Moments before she drove her horn into it, the goat head lowered and, with a careless motion, caught her on its horns and threw her aside. She landed heavily on the grass, away from the forest and her sister. The wind flew out of her and she lay there gasping for breath. She rolled to face the creature, but it was ignoring her, intent on the the white unicorn who had somehow managed to get up on three legs. Luna rasped a warning that couldn't have been heard. Her sister wasn't moving. She was just standing there, facing the creature as it stalked towards her.

But the white filly's eyes weren't on the death that came for her. They were looking beyond it, beyond the horizon and past the edge of the world itself. Her irises disappeared and her sclerae lit up with brilliant white light. Her horn came ablaze. Somehow Celestia pushed herself back onto her one good rear leg, her eyes sightless but throbbing with power. Golden light sprang from her flank, fiery wings of pure magic which caught her and held her upright. Raised her aloft with a single stroke. Blazed with the glory of the sun and then became breathtakingly real. Celestia raised her forelegs above her head in exultation.

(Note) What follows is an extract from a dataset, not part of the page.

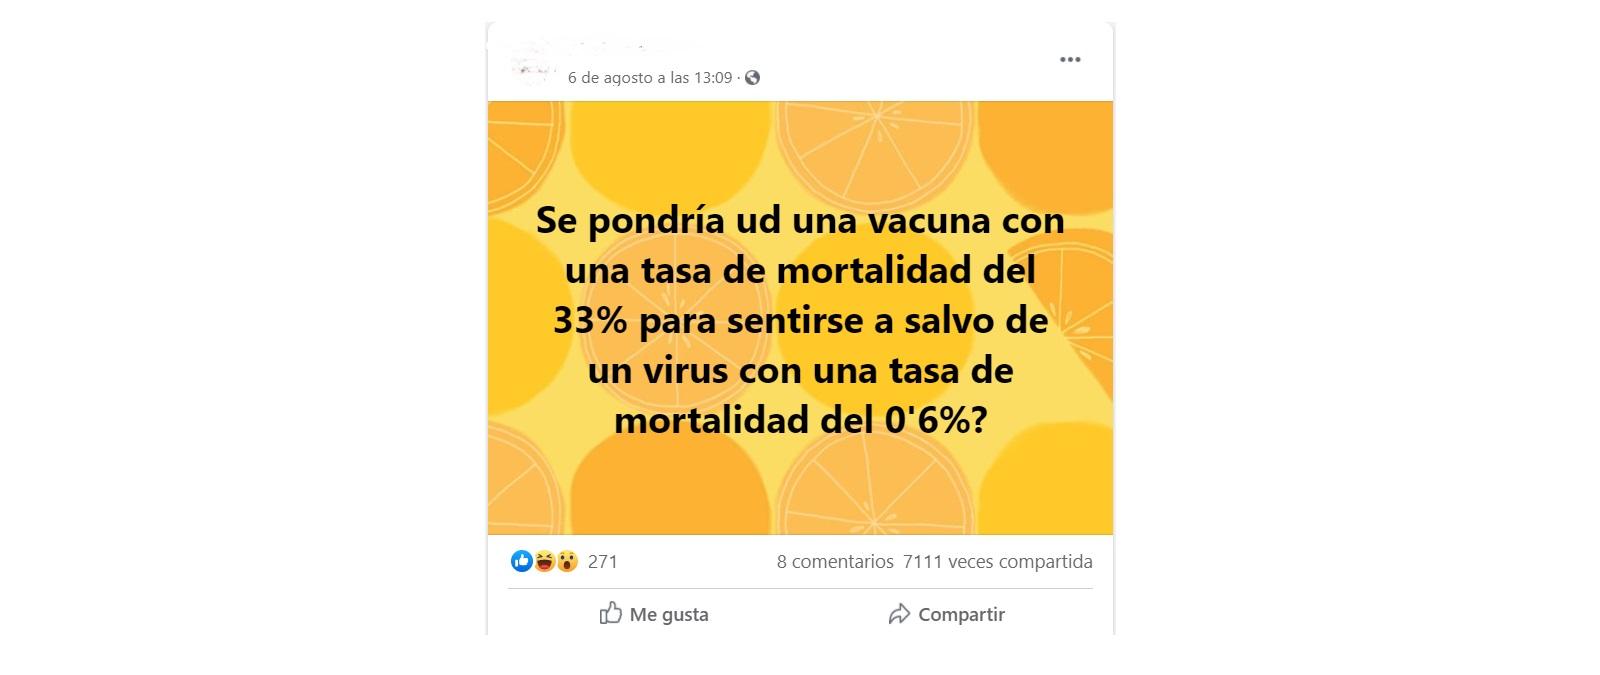 Por qué una vacuna que presenta una mortalidad del 33% nunca saldría al mercado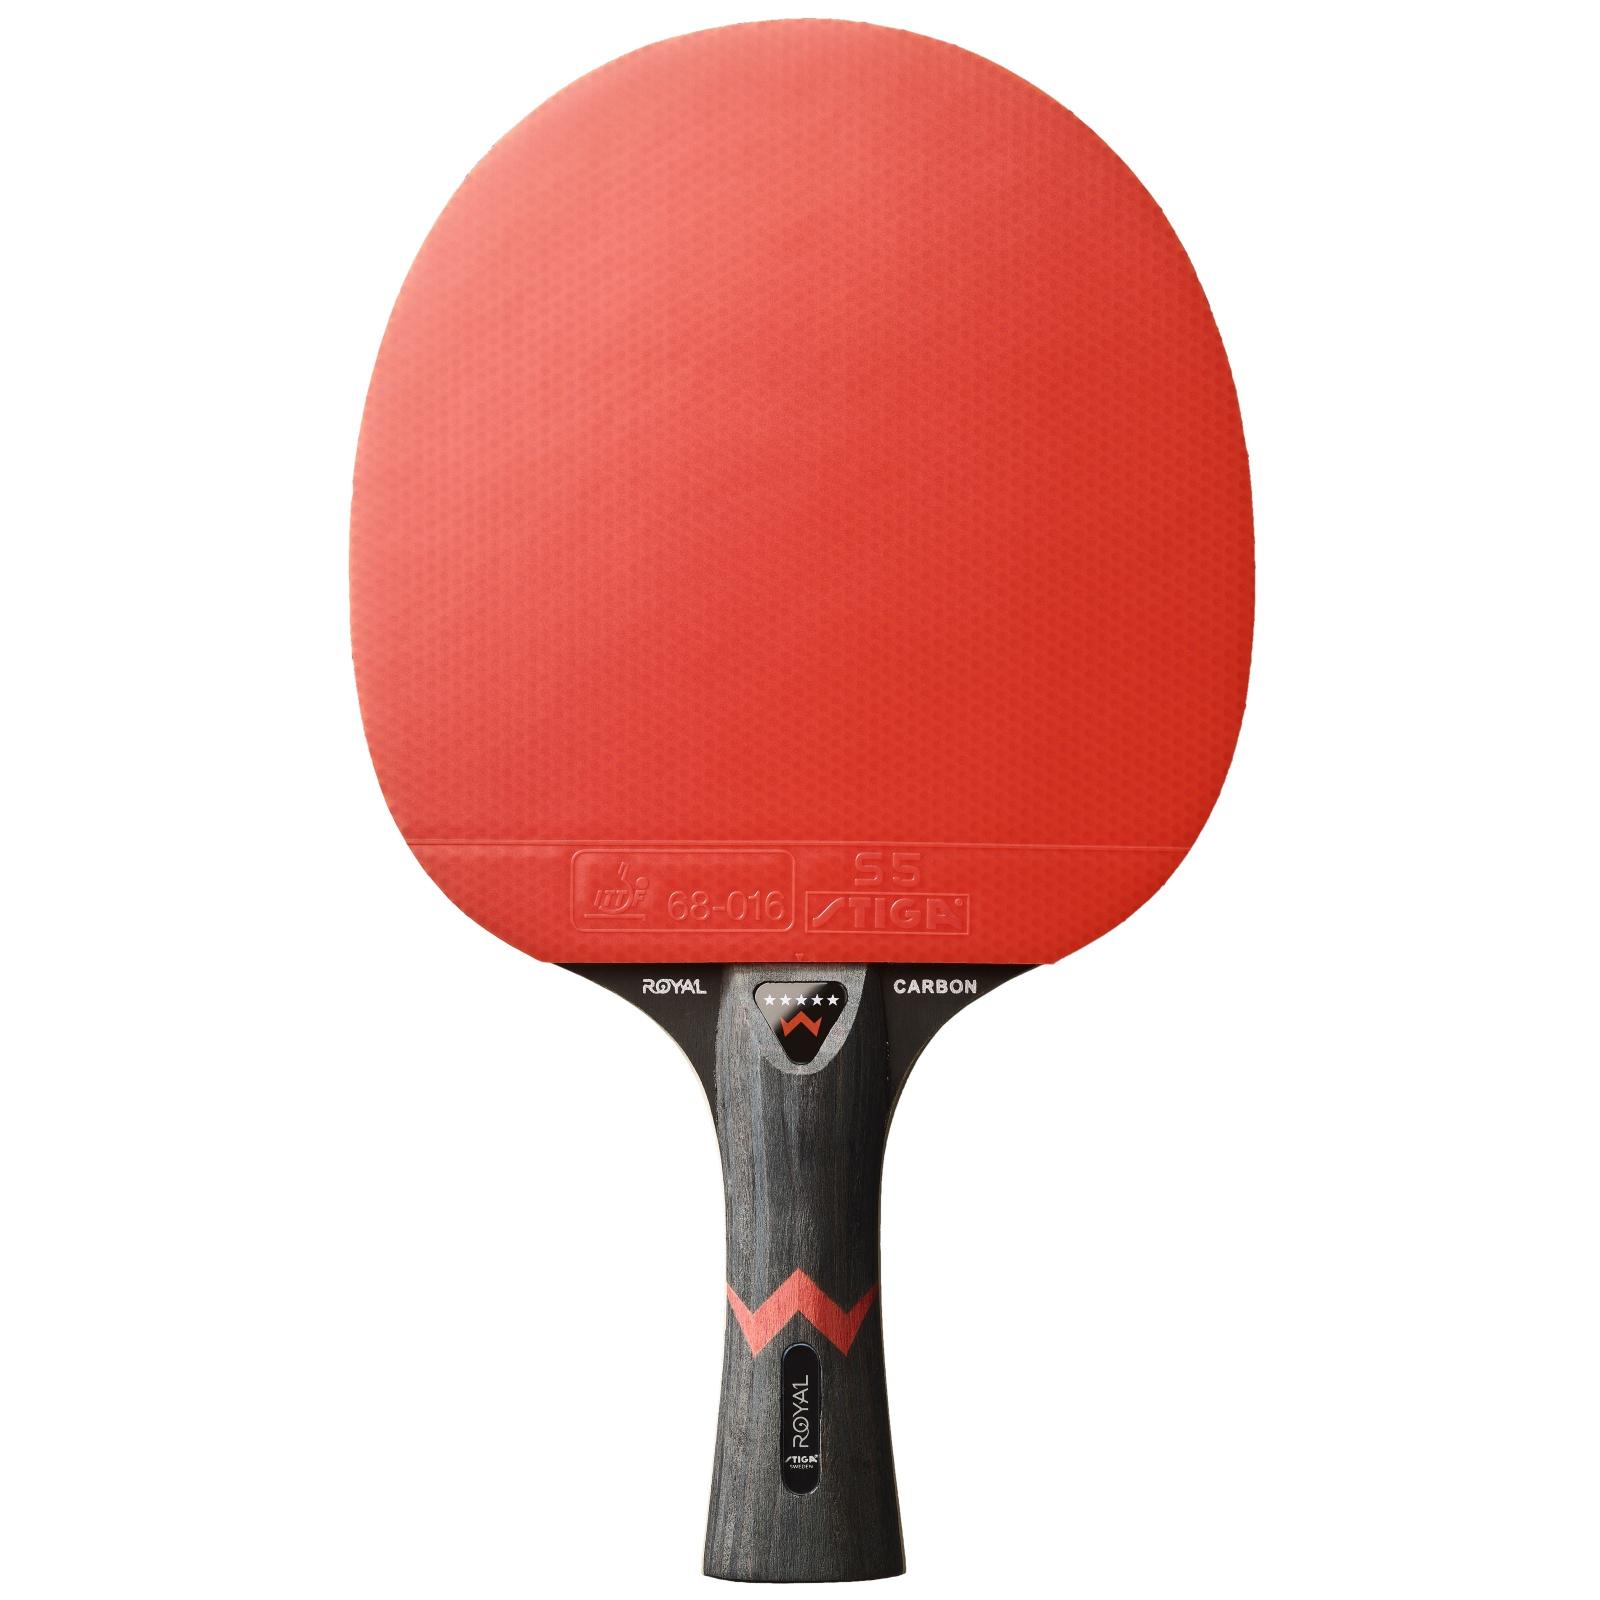 Pálka na stolní tenis STIGA Royal Carbon*****

The creature cringed, backing itself away from the small unicorn in fear. With a hiss like a frightened cat, it turned and launched itself skyward. It fled into the distance, and was gone.

Celestia came gently back down to her three working legs, then settled on her side. She nosed her new wings in shock. But though the magic had faded from Celestia's eyes and horn, the light had not gone away. Dawn had come.

Luna finally managed to steady her breathing enough to pick herself up. She walked cautiously over to her sister.

“Tia, you have wings!”

“I have wings...”, her sister repeated, lost in her own amazement. Celestia turned to look at Luna, both fillies wide-eyed.

Luna broke the awkward silence “You know I still love you, even if you are a freak,” she teased, smiling.

“You're just jealous.” Celestia nudged Luna with her nose, causing the dark filly to sit down in front of her.

“Of course I'm jealous,” Luna said, pointing to the east with her hoof. “You raised the sun!”

Celestia turned to look at the dawn sun, as if noticing it for the first time. This wasn't the bizarre speeding orb of recent memory, but a normal, natural sunrise. Awe sparkled in her eyes.

“Luna, I can feel the sun. I can feel it with my mind.”